Het mensje vindt het interessant en vraagt vervolgens “waarom zijn de laagjes allemaal een beetje grijs en niet gekleurd?” Er stromen heel veel vragen door het mensje en meteen daarop vraagt het “Kunnen die jasjes ook uit?”
De ander zegt “Elke keer als wij een emotie ervaren, maar die ontkennen of wegdrukken, dan slaan we de energie van die emotie op in ons energieveld en daarmee in ons lichaam. Wanneer we dit jaar in jaar uit doen, dan voelt ons energieveld ‘zwaar’ aan. Het is alsof we een oude jas dragen waarin veel pijnlijke herinneringen zitten. In ons alledaagse leven heeft dit een ‘prijskaartje’: we voelen ons bijvoorbeeld somber of verward, onze relaties lopen niet lekker, we zijn niet geïnspireerd, zijn voortdurend moe en creëren niet wat we willen. Daarnaast ontwikkelen we onprettige ‘karaktertrekken’, zoals altijd alles beter weten of snel op de teentjes getrapt zijn. Daarom hebben de jassen die wij al lange tijd met ons meedragen een grijze kleur. Het kijken naar of loslaten van deze emoties is niet zo makkelijk, daarom doen we de jassen niet uit.
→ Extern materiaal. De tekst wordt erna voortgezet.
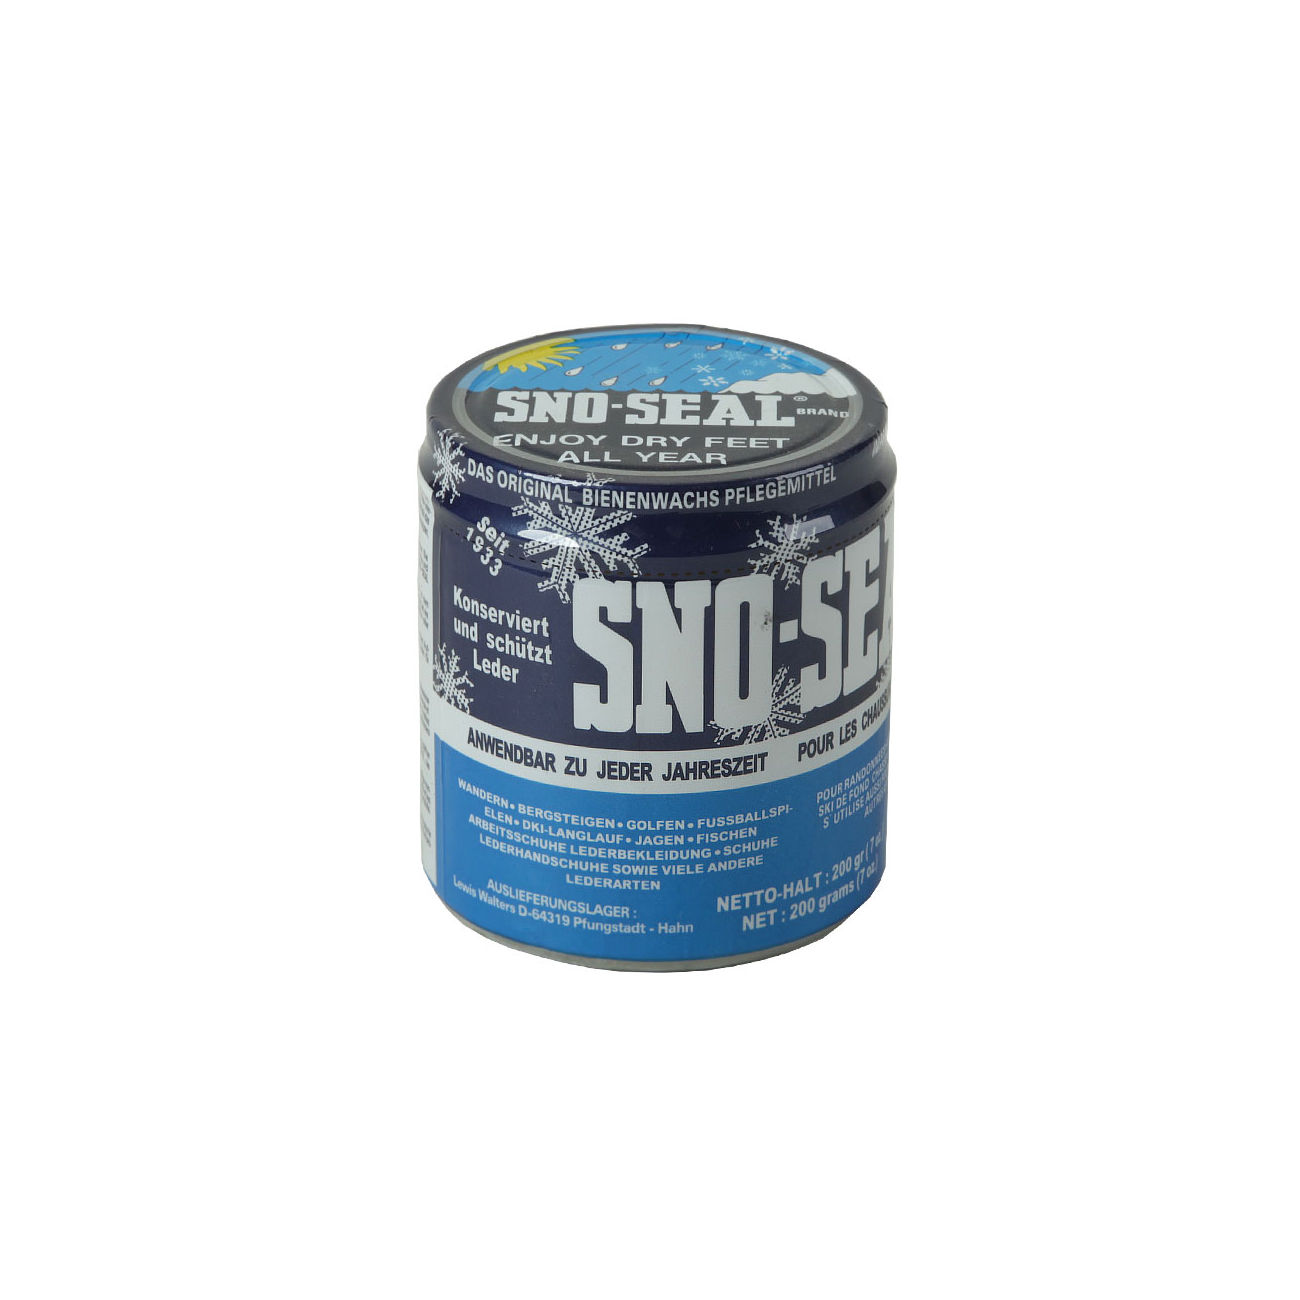 Sno-Seal Bienenwachs Lederpflegemittel 200 g Dose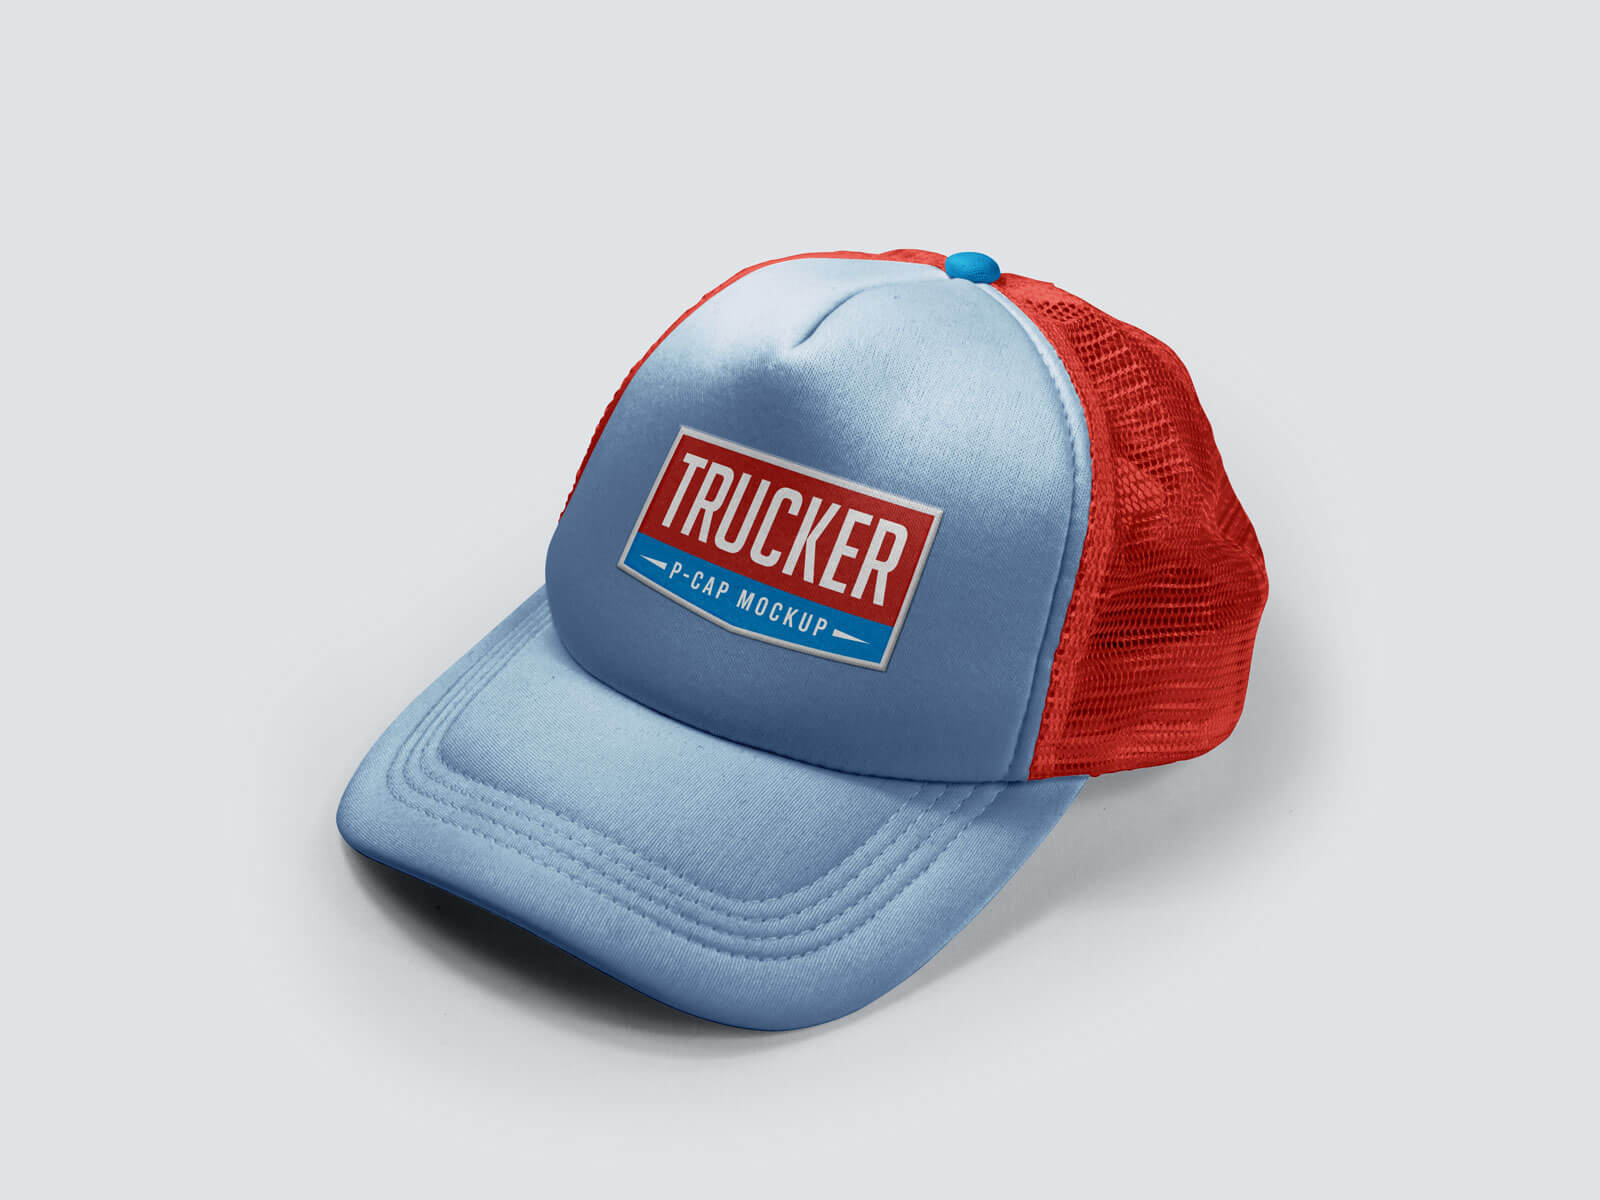 Männer / Frauen Sommer-Trucker P-Cap Modup

Het mensje is verwonderd over dit verhaal en vraagt ‘krijg ik straks dan ook allemaal jasjes erbij, als ik groter wordt?’ De ander zegt, als je slim bent, zorg je dat je als je iets vervelends mee maakt erover praat en het zo snel mogelijk los laat. Als je slim bent zorg je dat je mensen leert vergeven en ook jezelf als je eens een foutje maakt. Alleen dan zal jij je mooie gekleurde jas houden en komen er geen grijze jasjes bij.
Het mensje is blij met deze wijze woorden en huppelt weg… haar jasje zwierend als ze haar beentjes optilt..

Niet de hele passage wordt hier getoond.